Terverifikasi Administratif dan Faktual oleh Dewan Pers
Pertama, PSSI membawa timnas Indonesia U-17 berselebrasi berlebihan usai juara Piala AFF U-16, bahkan hingga tampil di televisi swasta.
Selebrasi tersebut menyiratkan PSSI menganggap Piala AFF U-16 adalah puncak prestasi, padahal masih terdapat event penting yang harus ditaklukkan.
Dari sisi pemain, pujian berlebih dapat menyebabkan stagnasi performa, karena si pemain bisa jadi merasa sudah tak perlu berbenah diri.
Yang terburuk, selebrasi digunakan oleh pimpinan PSSI untuk mencari muka, dimulai dari ikut mengangkat piala hingga tampil paling depan dalam selebrasi.
Kedua, PSSI tak memberikan uji coba internasional bagi timnas Indonesia U-17, sehingga kekurangan jam terbang internasional.

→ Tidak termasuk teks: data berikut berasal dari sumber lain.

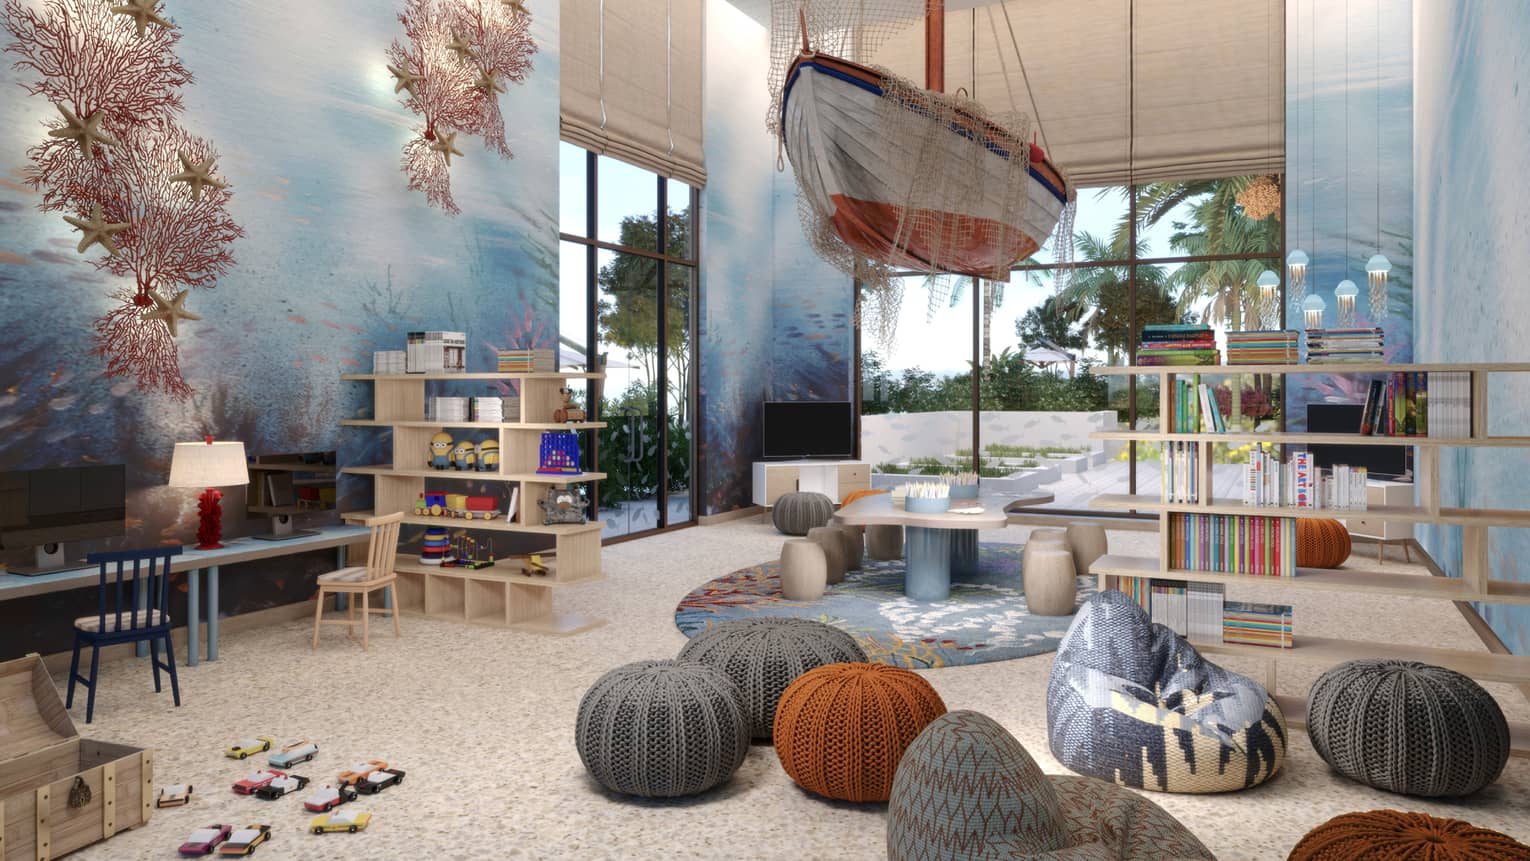 Kids play room with small knit stools, a ship hanging from the ceiling, and underwater mural on the wall

Timnas U-17 dapat menjuarai Piala AFF U-16 dan itu hal bagus, tetapi Iqbal Gwijangge dan kawan-kawan nyaris tak pernah mendapat lawan sepadan di ajang itu.
Tim besar yang dihadapi di ajang itu, seperti Myanmar dan Vietnam, bermain parkir bus saat melawan Indonesia, yang membuat pertahanan tim tak teruji.
Menjelang Kualifikasi Piala Asia U-17 2023 pun, timnas U-17 tetap hanya bertanding melawan tim lokal.
Hal itu berbanding terbalik dengan timnas U-20 asuhan Shin Tae-yong, yang sempat berguru ke Turki dan Korea Selatan.
Minimnya lawan berkelas membuat timnas U-17 kagok saat menghadapi lawan berat, seperti saat dibobol cepat UEA (dua gol) dan Malaysia (lima gol).
Bagaimanapun, Arkhan Kaka dan kawan-kawan masih sangat belia dan tak boleh mendapat bully di media sosial.
Jikapun harus terdapat pihak yang disalahkan, maka itu adalah para pelatih dan federasi.